Distributional models vs. Linked Data:
         exploiting crowdsourcing to personalize
                      music playlists

           Cataldo Musto1 , Fedelucio Narducci2 , Giovanni Semeraro1 ,
                   Pasquale Lops1 , and Marco de Gemmis1
                          1
                           Department of Computer Science
                         University of Bari Aldo Moro, Italy
                              name.surname@uniba.it
      2
        Department of Information Science, Systems Theory, and Communication
                         University of Milano-Bicocca, Italy
                            narducci@disco.unimib.it


        Abstract.

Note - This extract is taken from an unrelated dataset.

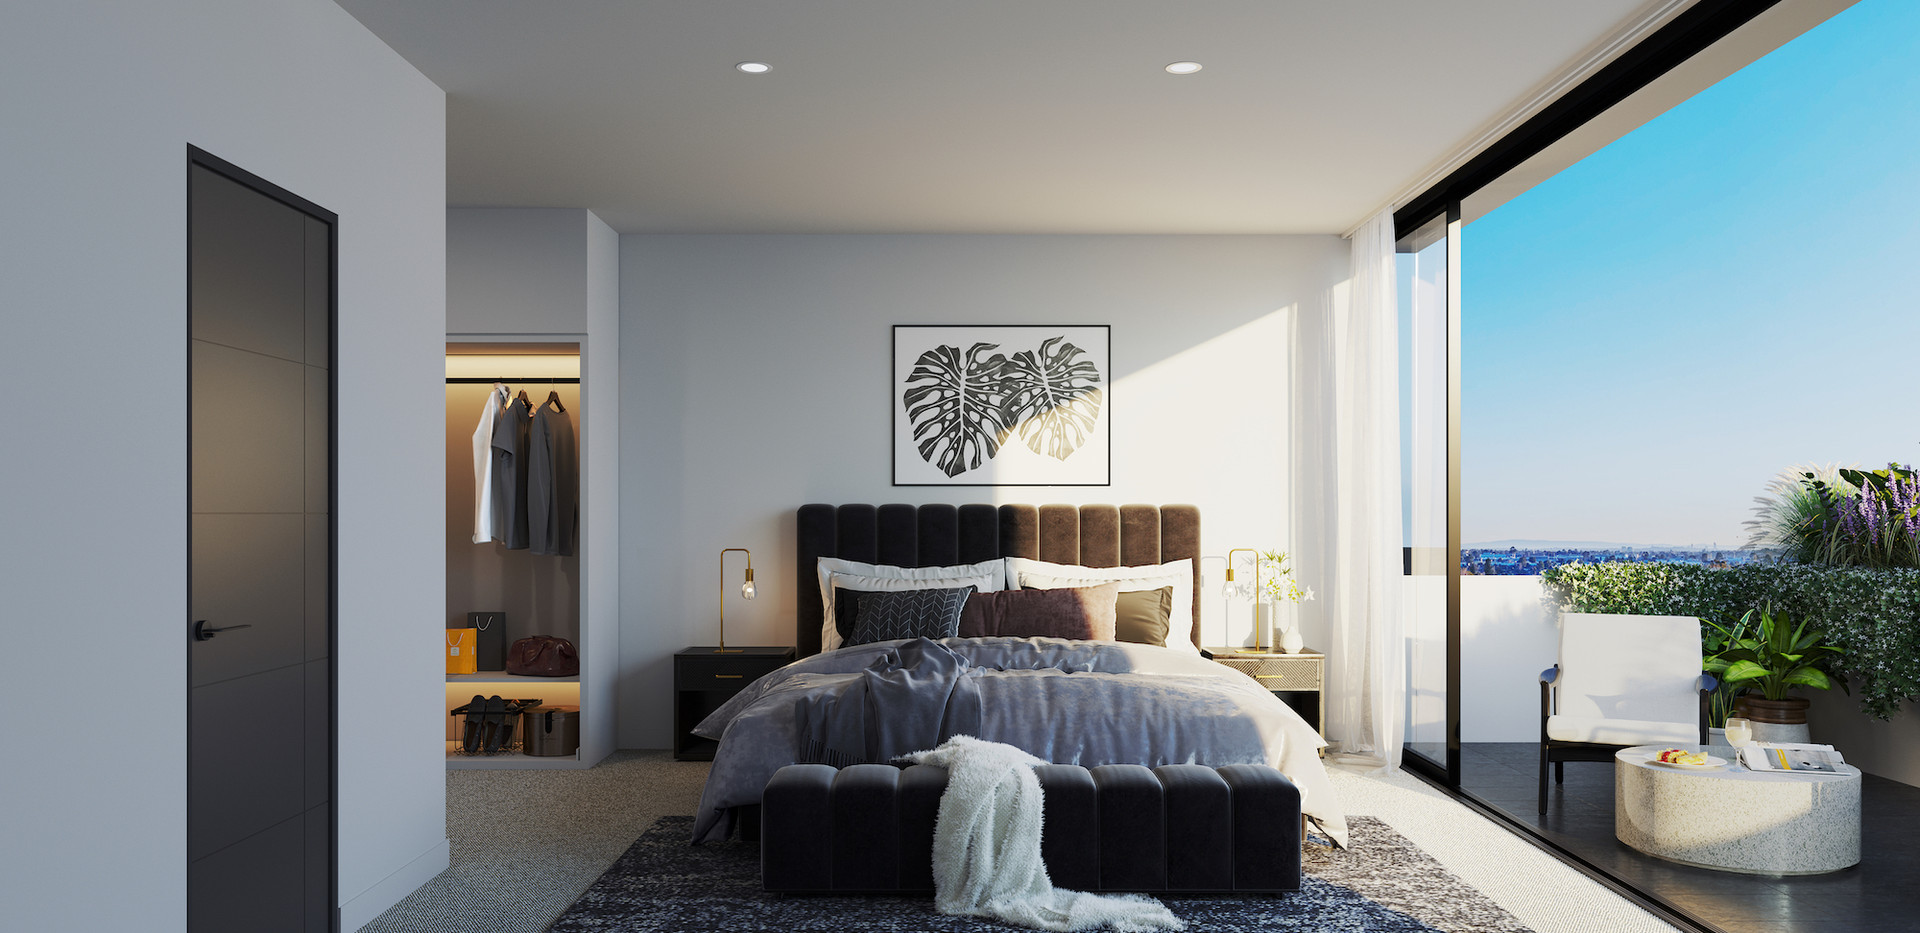 Luda Studios_Bedroom_Opt 2_Sml_Final.jpe

This paper presents Play.me, a system that exploits social
        media to generate personalized music playlists. First, we extracted user
        preferences in music by mining Facebook profiles. Next, given this prelim-
        inary playlist based on explicit preferences, we enriched it by adding new
        artists related to those the user already likes. In this work two different
        enrichment techniques are compared: the first one relies on knowledge
        stored on DBpedia while the latter is based on the similarity calculations
        between semantic descriptions of the artists. A prototype version of the
        tool was made available online in order to carry out a preliminary user
        study to evaluate the best enrichment strategy. This paper summarizes
        the results presented in EC-Web 2012 [3].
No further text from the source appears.